Data for this exercise below:

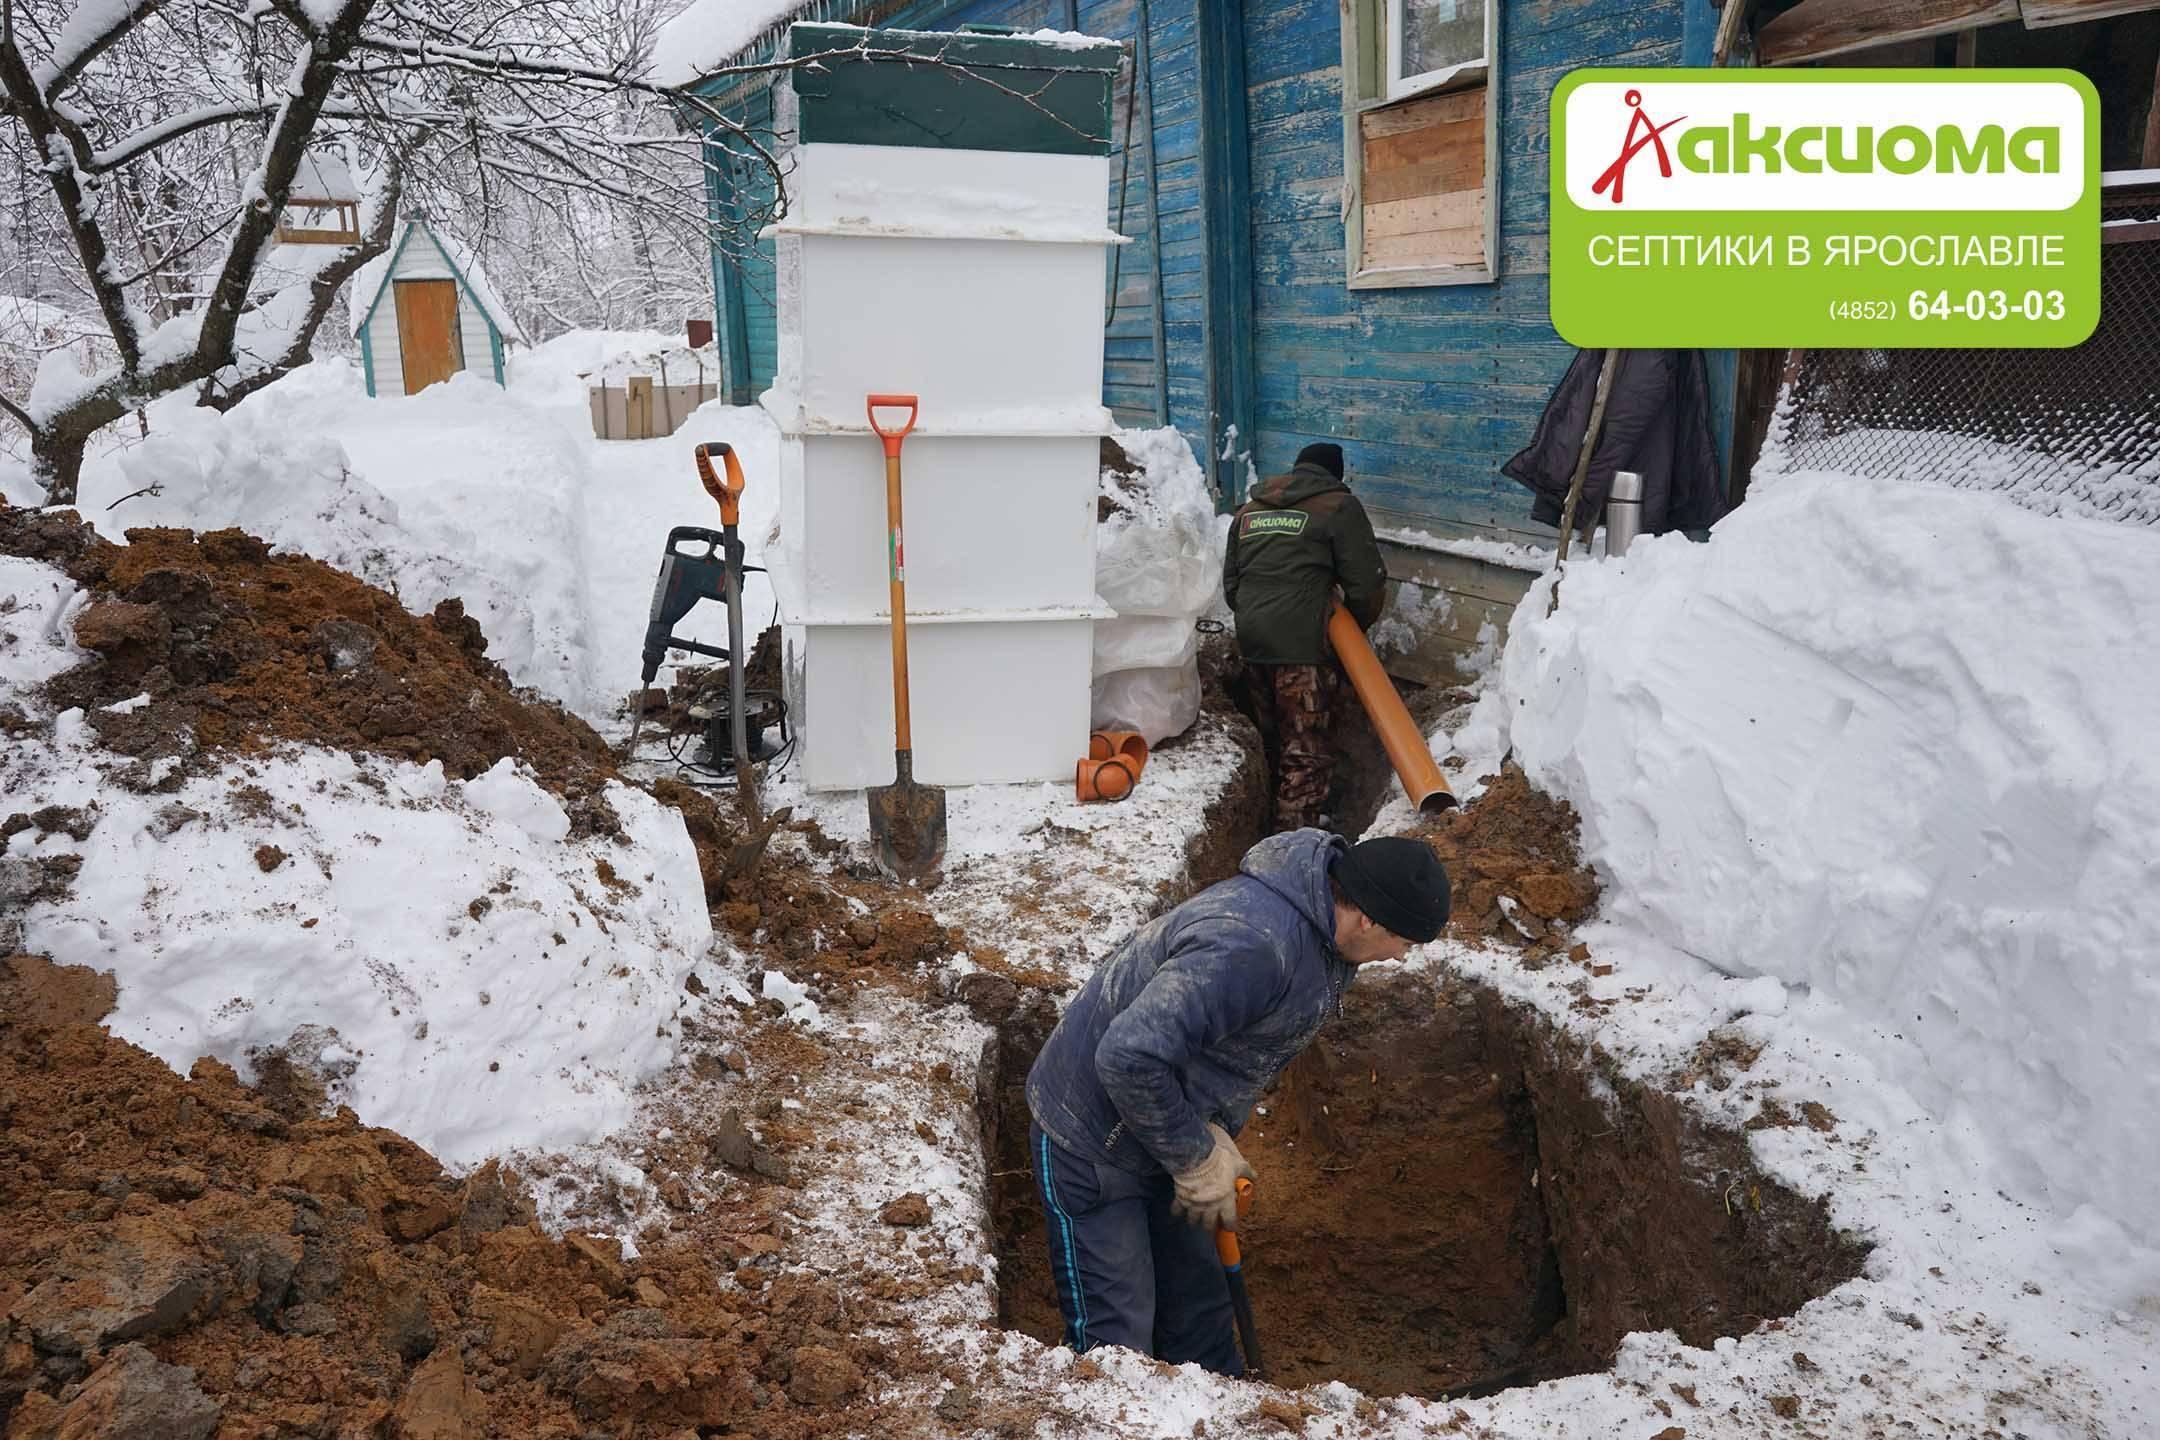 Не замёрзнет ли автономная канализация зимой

End of Data for this exercise.
Data for this exercise below:

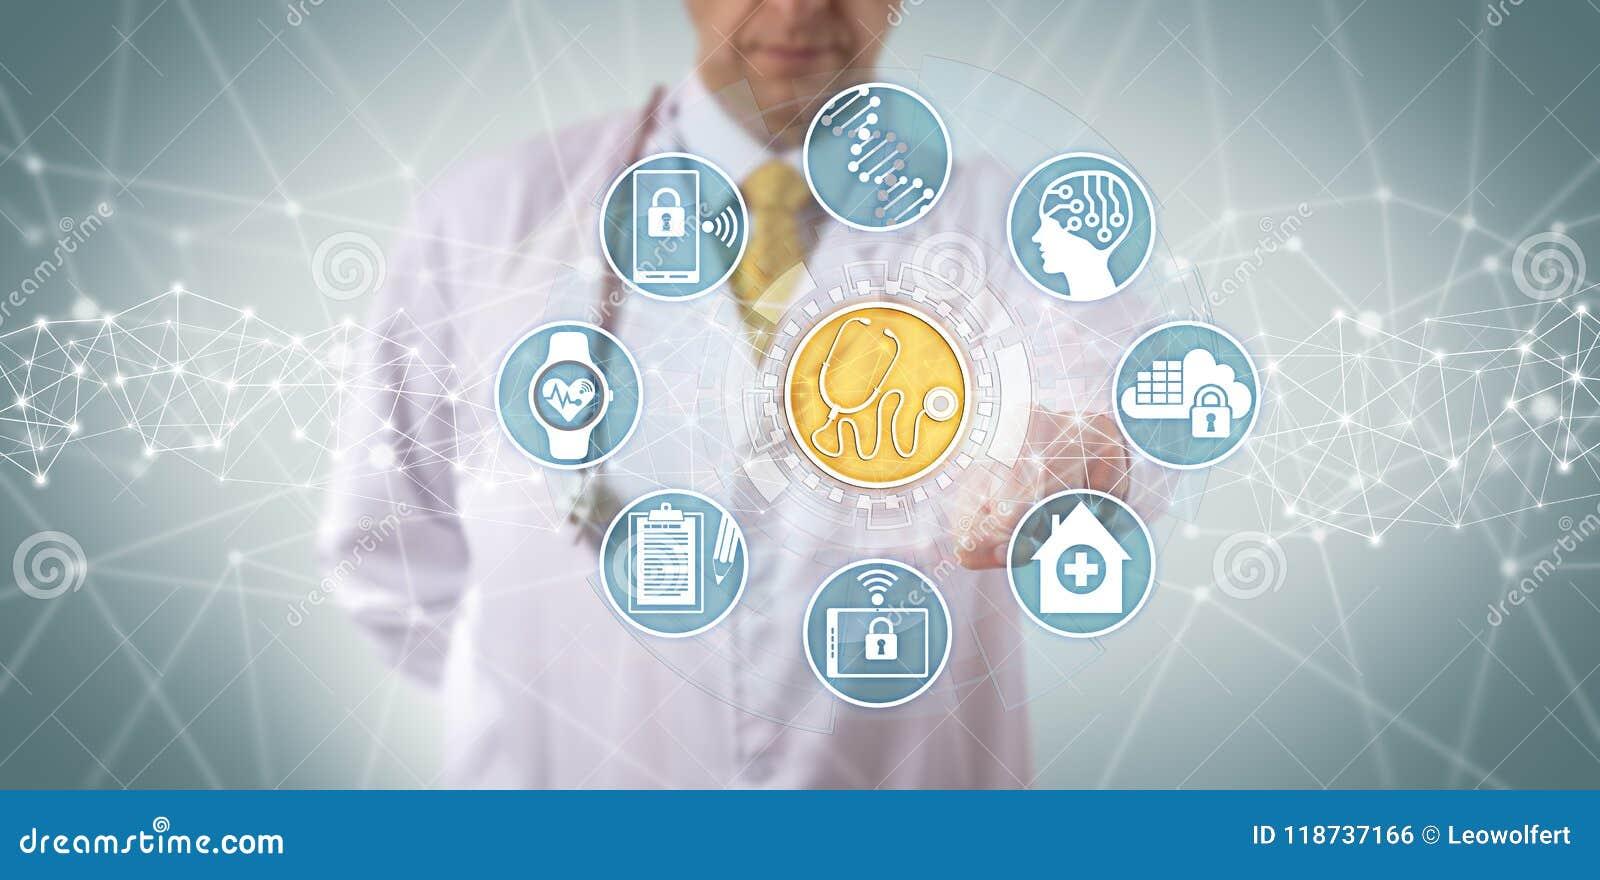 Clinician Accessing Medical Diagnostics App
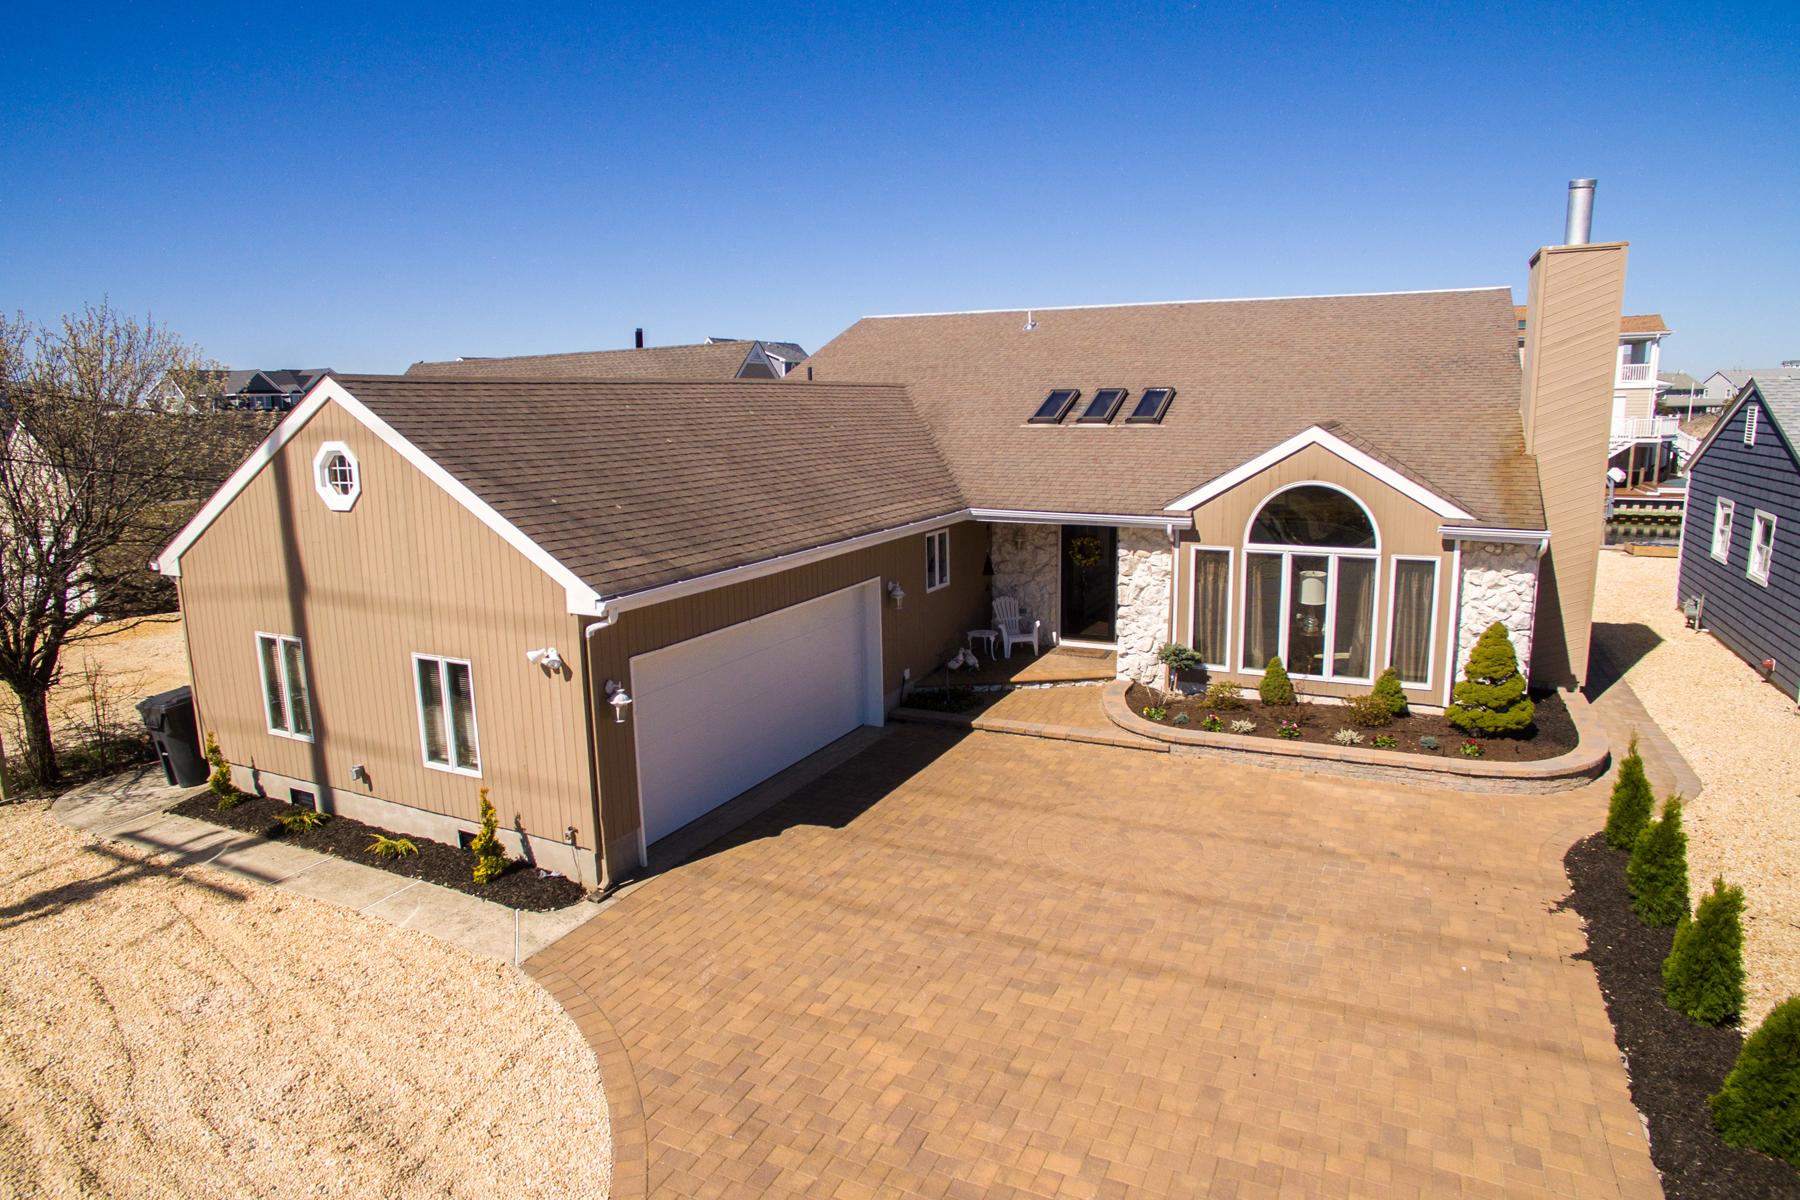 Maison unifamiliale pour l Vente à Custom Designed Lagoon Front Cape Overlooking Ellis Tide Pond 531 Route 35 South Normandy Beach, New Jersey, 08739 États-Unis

End of Data for this exercise.

» **Instructions for the task**
Starting with the line that has "Clinician Accessing Medical Diagnostics App" and going on through the line that has "Maison unifamiliale pour", transcribe the records above exactly, but skip the pictures.

» **Output for this exercise**
 Clinician Accessing Medical Diagnostics App
 Maison unifamiliale pour l Vente à Custom Designed Lagoon Front Cape Overlooking Ellis Tide Pond 531 Route 35 South Normandy Beach, New Jersey, 08739 États-Unis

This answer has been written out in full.